An Energy-Stable Scheme for Incompressible Navier-Stokes Equations with Periodically Updated Coefficient Matrix

TL;DR

This paper introduces an energy-stable numerical scheme for incompressible Navier-Stokes equations that uses periodically updated coefficient matrices to improve computational efficiency while maintaining accuracy and stability.

Contribution

The novel scheme combines the gPAV framework with periodic coefficient matrix updates, enabling efficient and stable simulations of Navier-Stokes equations with large time steps.

Findings

The scheme maintains energy stability with large time steps.

Periodic updates of the velocity coefficient matrix have minimal impact on computational cost.
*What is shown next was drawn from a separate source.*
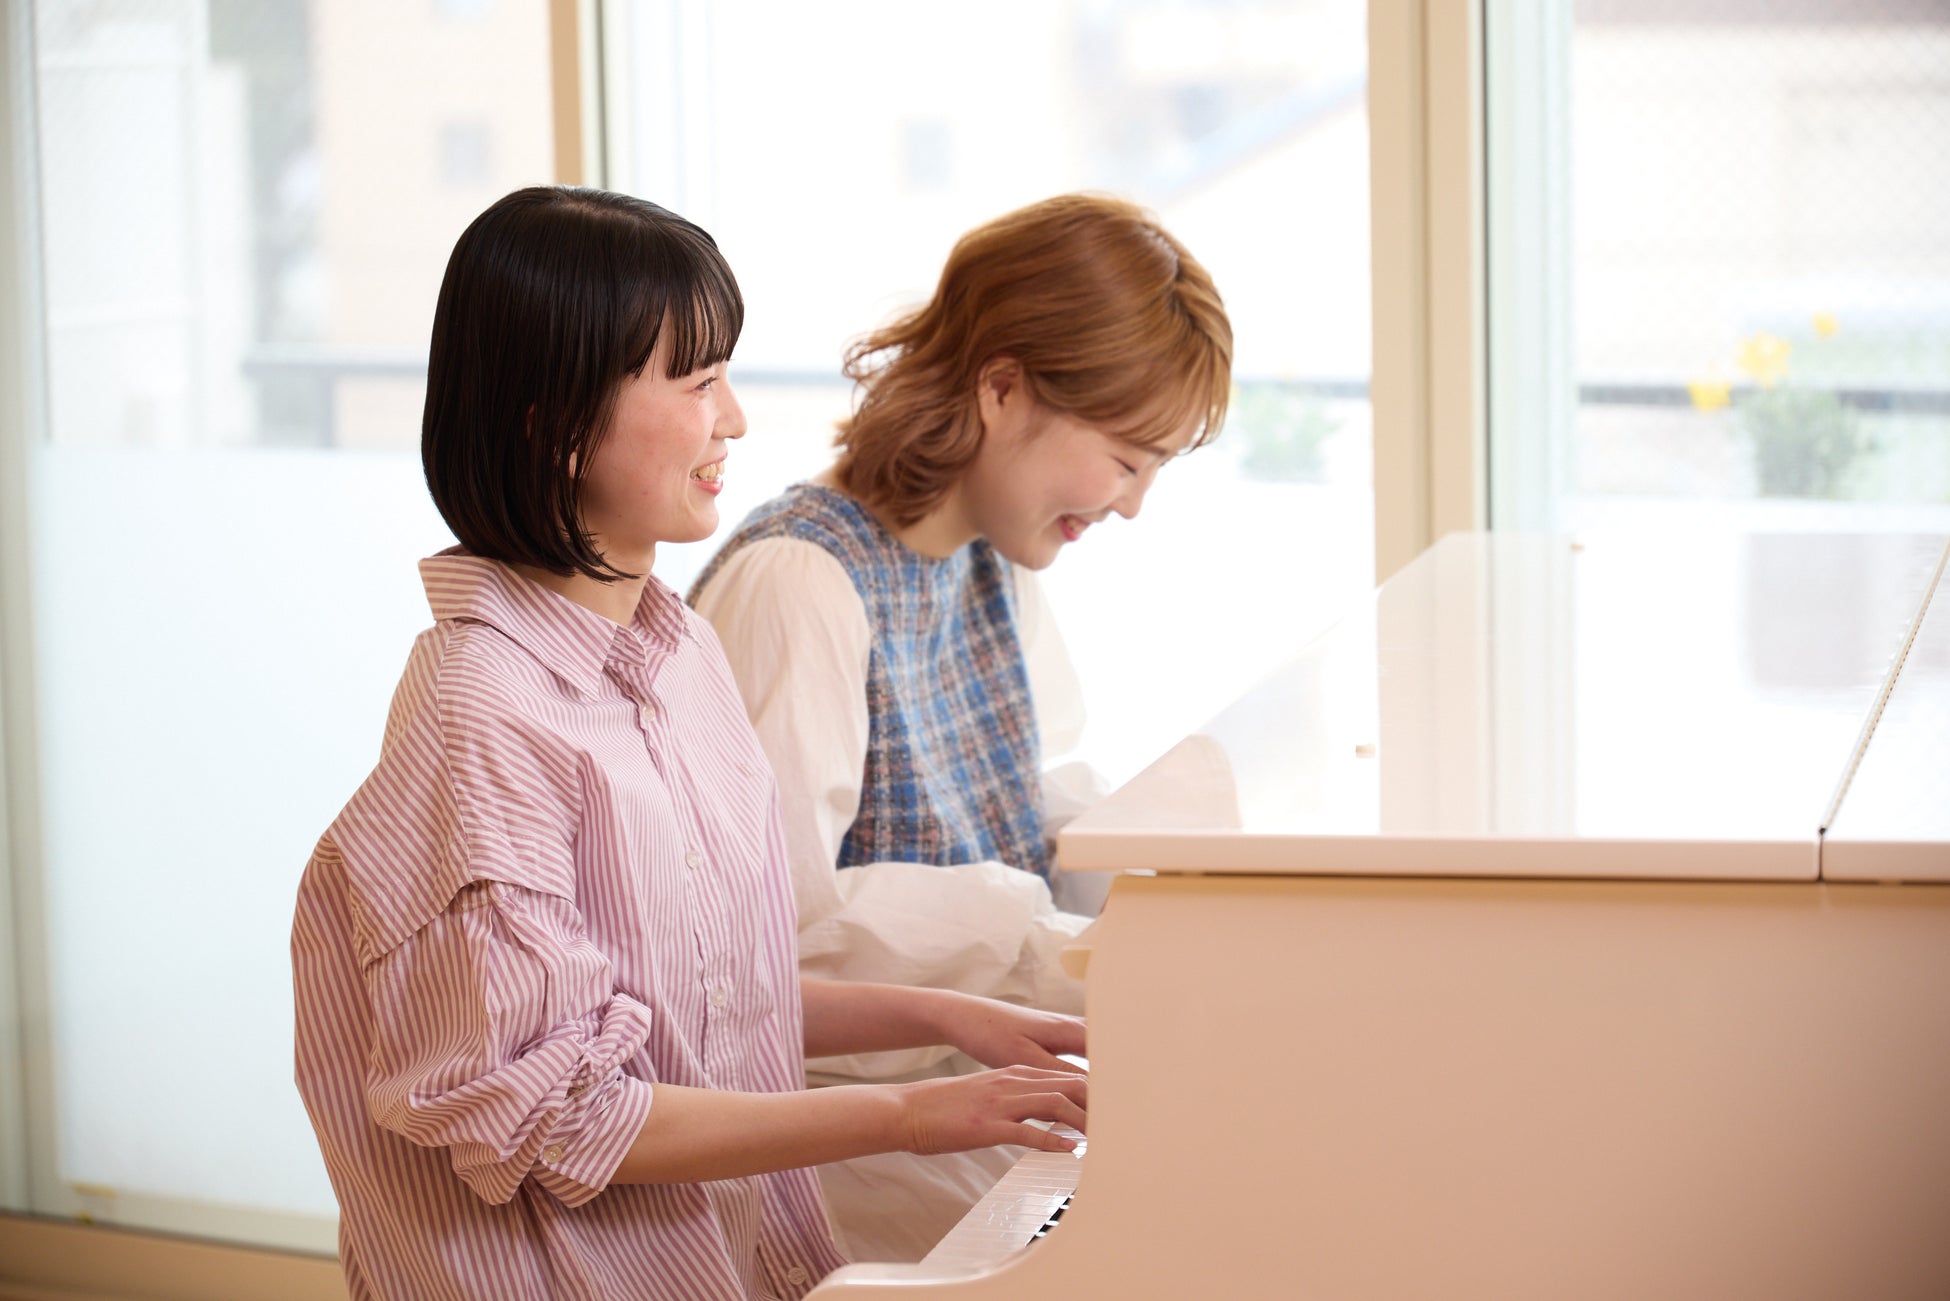 未経験者に特化した「Hanaポップスピアノ教室」が名古屋にオープン

Numerical experiments demonstrate the method's accuracy and efficiency.

Abstract

We present an energy-stable scheme for simulating the incompressible Navier-Stokes equations based on the generalized Positive Auxiliary Variable (gPAV) framework. In the gPAV-reformulated system the original nonlinear term is replaced by a linear term plus a correction term, where the correction term is put under control by an auxiliary variable. The proposed scheme incorporates a pressure-correction type strategy into the gPAV procedure, and it satisfies a discrete energy stability property. The scheme entails the computation of two copies of the velocity and pressure within a time step, by solving an individual de-coupled linear equation for each of these field variables. Upon discretization the pressure linear system involves a constant coefficient matrix that can be pre-computed, while the velocity linear system involves a coefficient matrix that is updated periodically, once every $k_0$ time steps in the current work, where $k_0$ is a user-specified integer. The auxiliary variable, being a scalar-valued number, is computed by a well-defined explicit formula, which guarantees the positivity of its computed values. It is observed that the current method can produce accurate simulation results at large (or fairly large) time step sizes for the incompressible Navier-Stokes equations. The impact of the periodic coefficient-matrix update on the overall cost of the method is observed to be small in typical numerical simulations. Several flow problems have been simulated to demonstrate the accuracy and performance of the method developed herein.